Personal information
- Date of birth: 22 August 1962 (age 63)
- Place of birth: Sarajevo, FPR Yugoslavia
- Position(s): Midfielder

Youth career
- 0000–1980: Željezničar

Senior career*
- Years: Team / Apps / (Gls)
- 1980–1989: Željezničar / 189 / (38)
- 1990: Las Palmas / 32 / (6)
- 1991: Željezničar / 3 / (0)
- 1992–1995: Portimonense / 40 / (2)
- Total:  / 264 / (46)

International career
- 1987: Yugoslavia / 1 / (0)

Managerial career
- 2014–2015: Willem II U19
- 2015: Baronie

= Edin Ćurić =

Bosnian footballer (born 1962)

Edin Ćurić (born 22 August 1962) is a Bosnian professional football manager and former player who was most recently the director of the youth school of Bosnian Premier League club Željezničar.

==Club career==
Ćurić began his football career at hometown club Željezničar. He had played for the club's youth squads before finally making his senior debut in the 1980–81 season, under the guidance of manager Ivica Osim. Ćurić stayed at Željezničar for ten seasons, before leaving for Spanish club Las Palmas.
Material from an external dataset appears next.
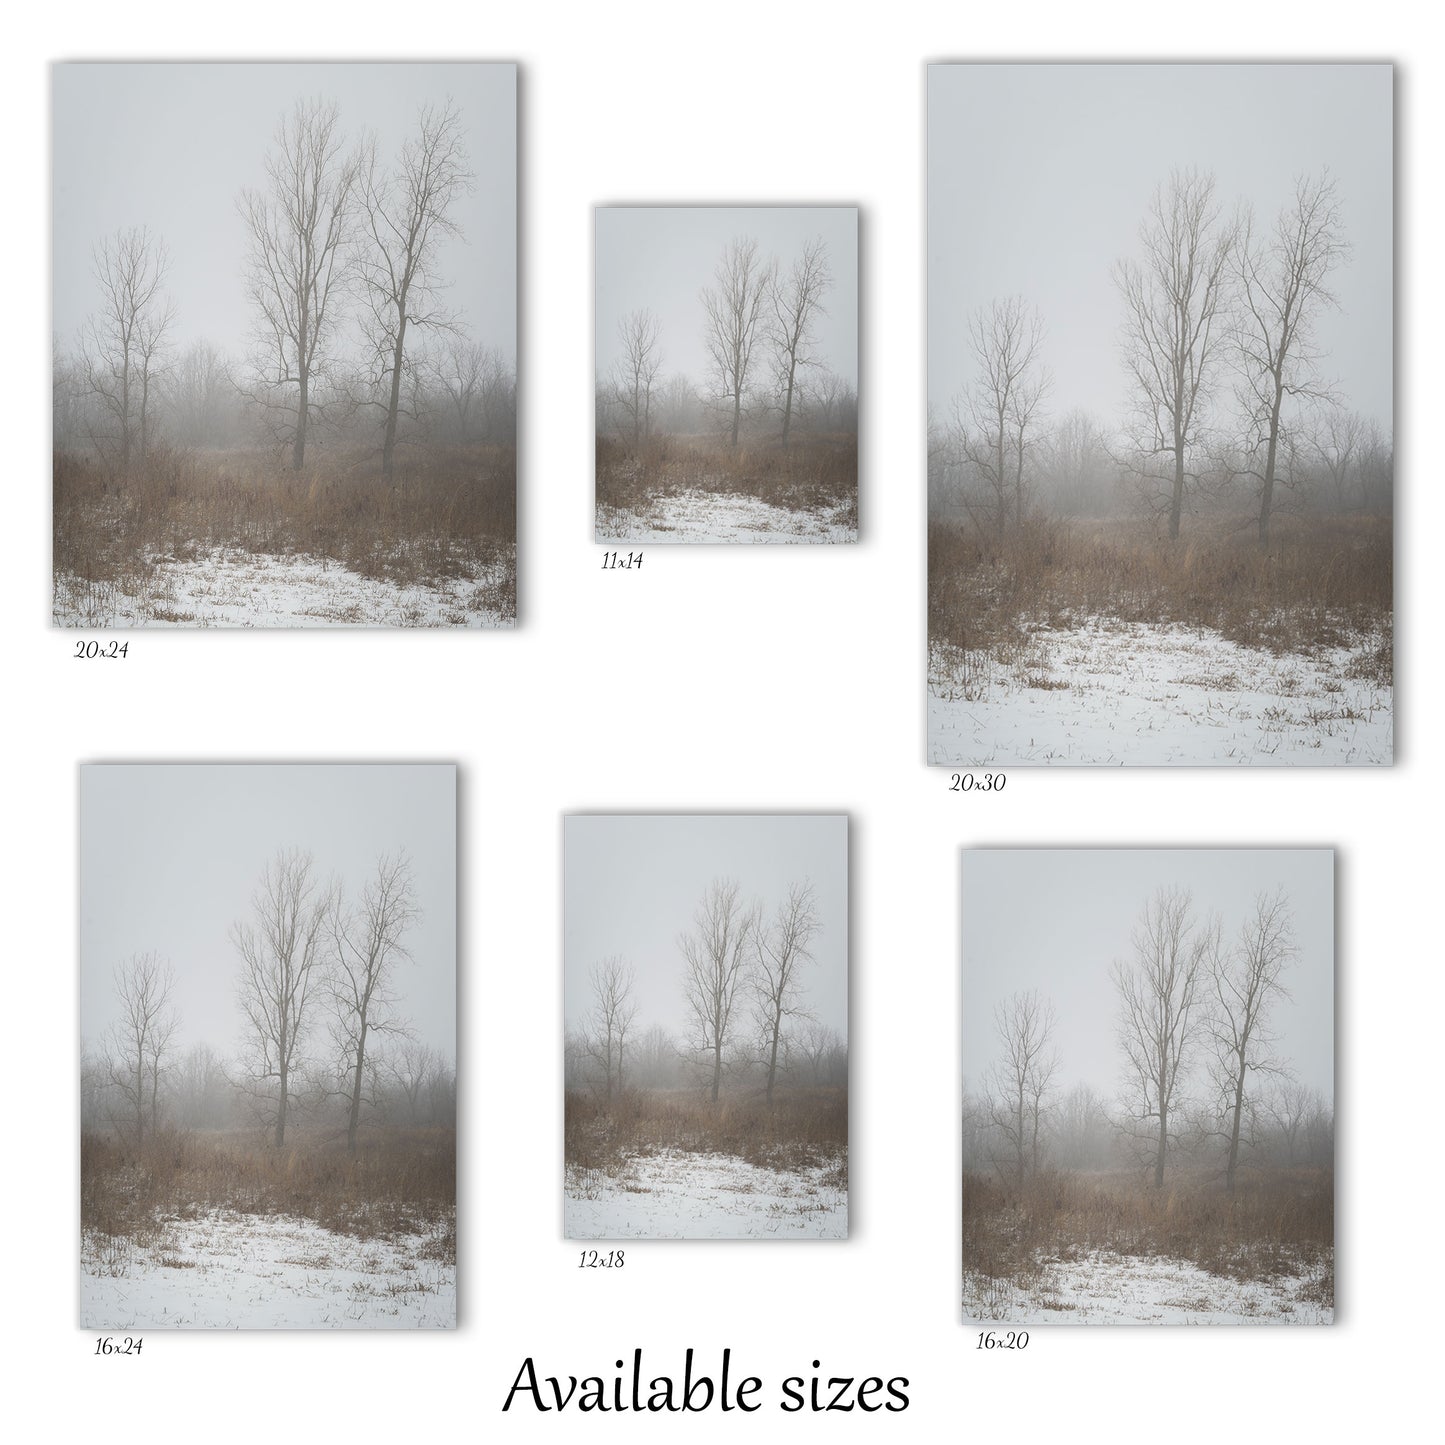 Visual representation of the winter canvas wall art print sizes available: 11x14, 12x18, 16x20, 16x24, 20x24 and 20x30.
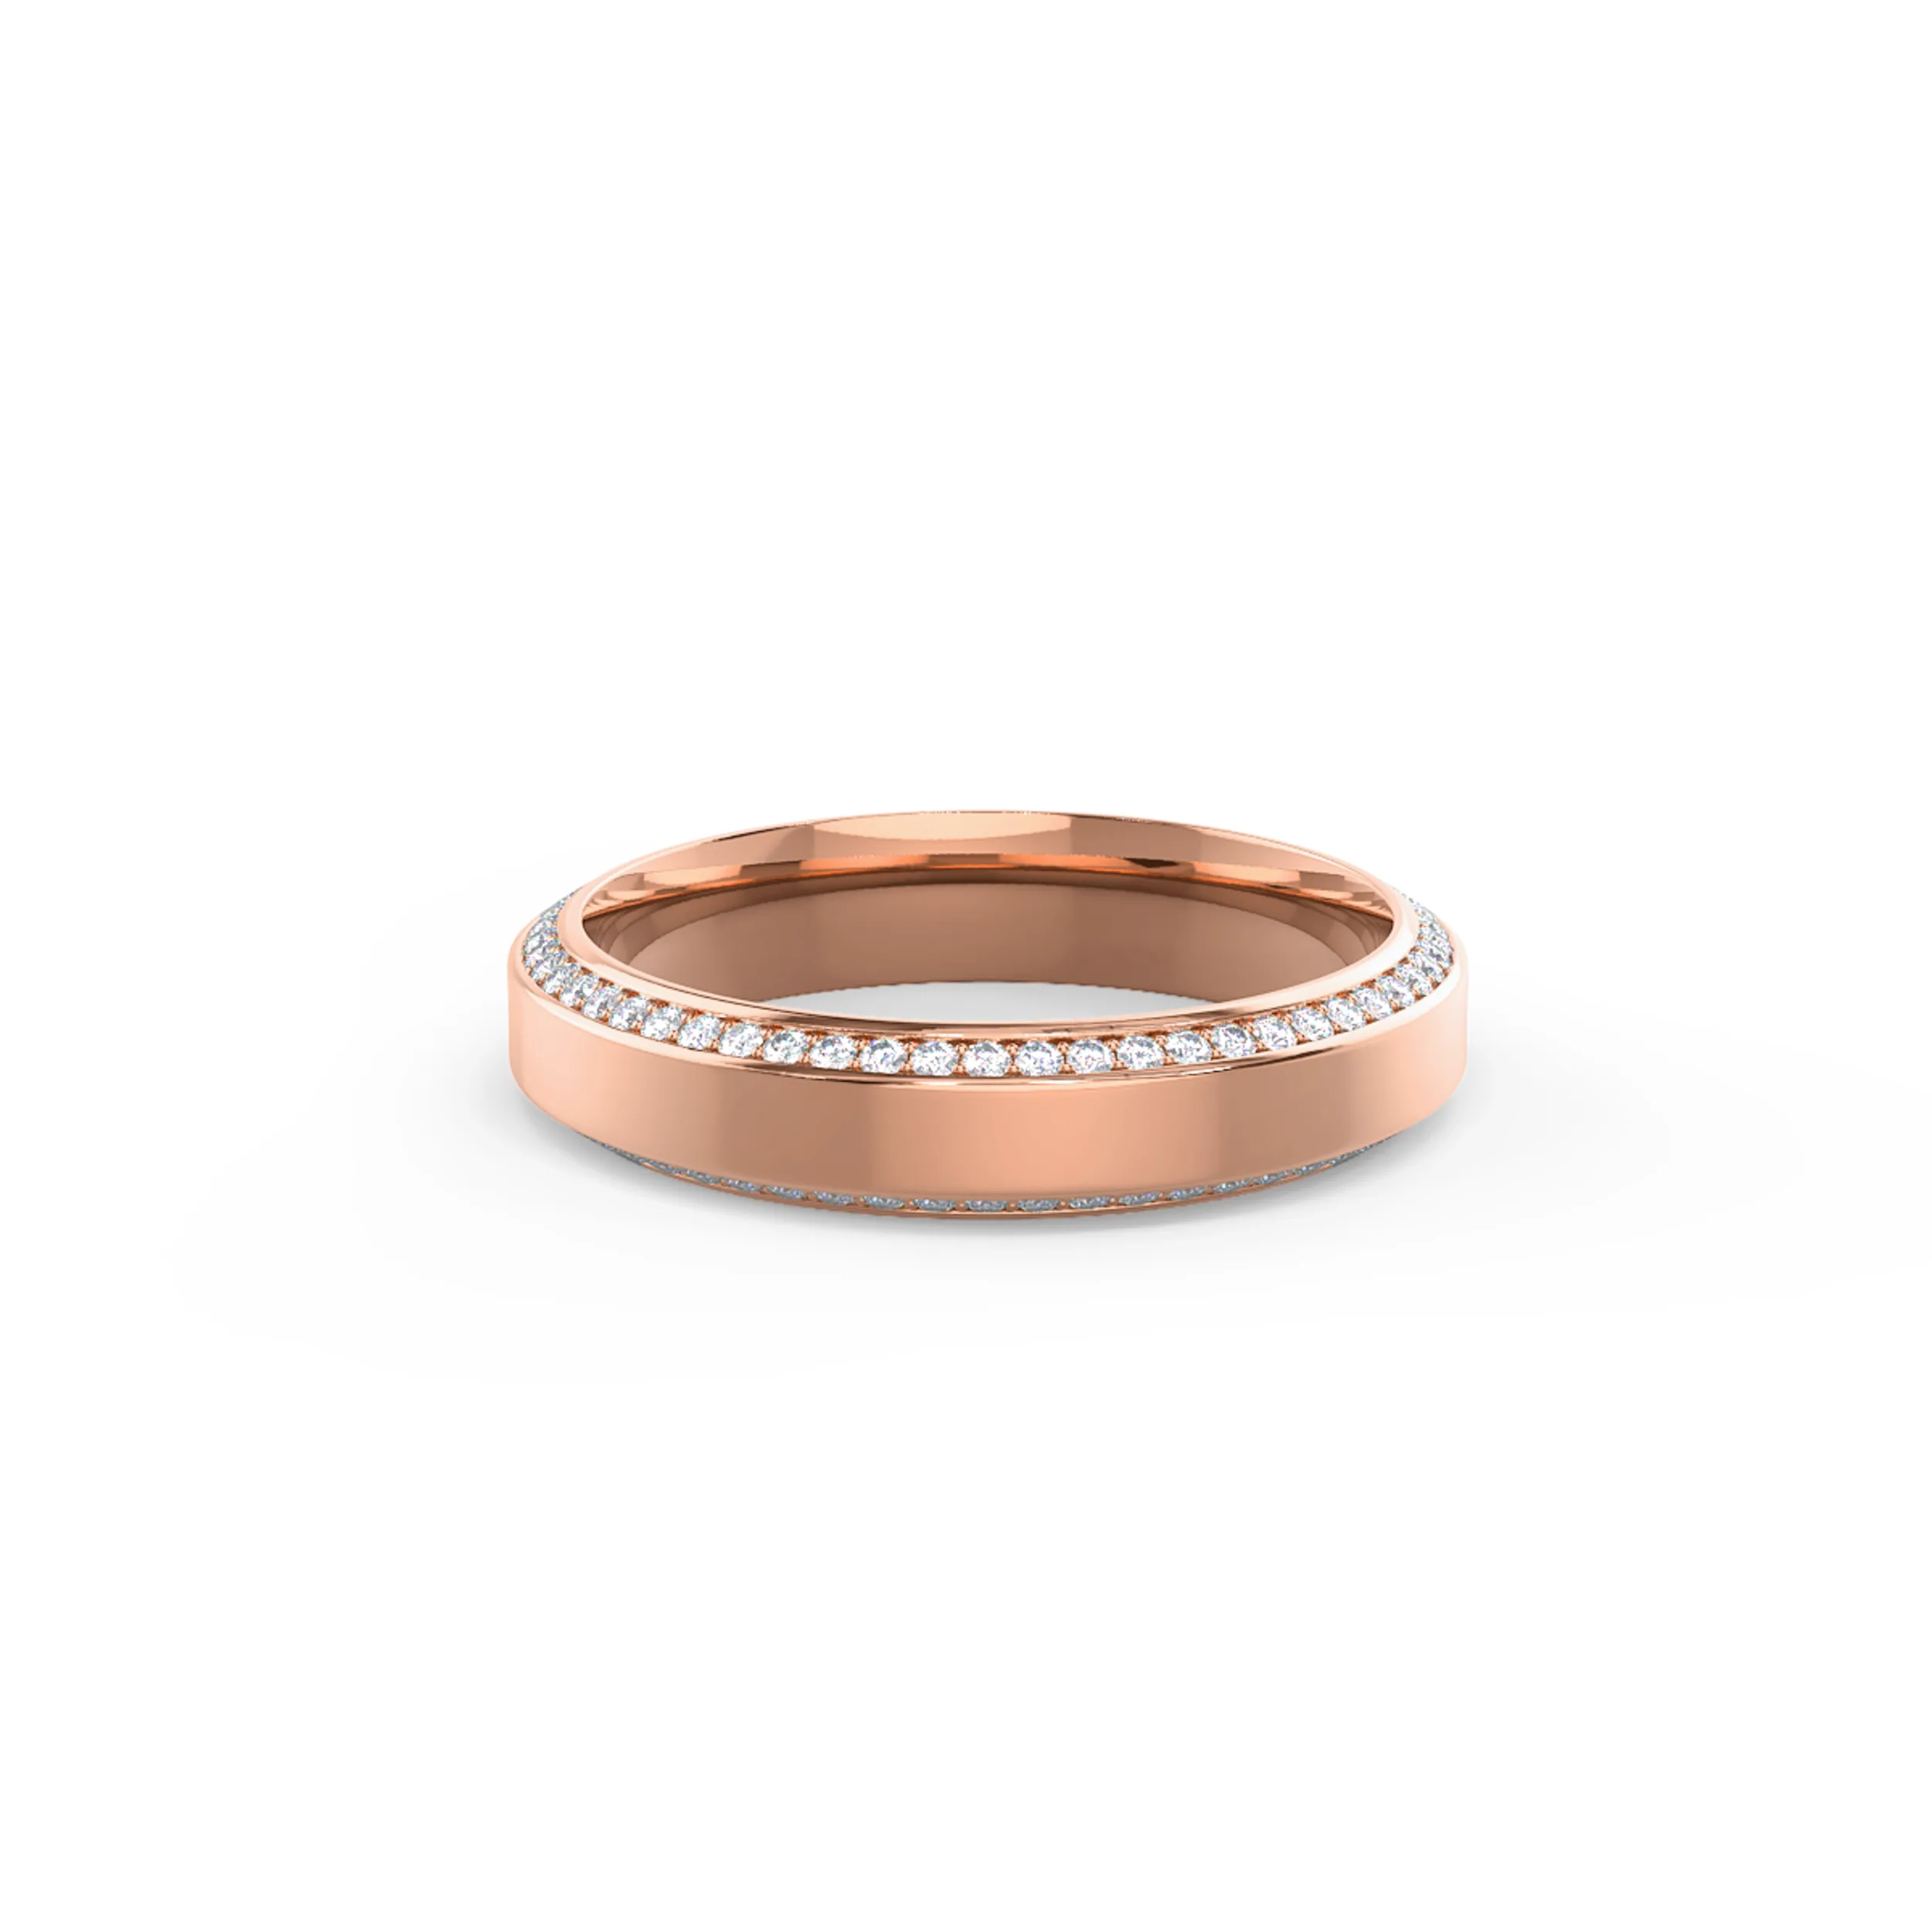 0.4 Carat Round Lab Diamonds set in 14kt Rose Gold Narrow Beveled Channel Eternity Band (Main View)

In 1992, he moved to Portugal and spent three seasons playing for Portimonense.

==International career==
Ćurić played one match for the Yugoslavia national team on 29 August 1987 against the Soviet Union, in which he came on as a late substitute for Dragan Stojković.

==Managerial career==
Ćurić worked as a manager at Willem II U19 and Baronie's second team in the Netherlands. He was appointed manager of Baronie's first team in July 2015, but was sacked only five months later in December.

On 4 July 2022, Ćurić's hometown club Željezničar announced he was named as the club's new director of its youth school. He worked as director until July 2025, when he was replaced by Nenad Starovlah.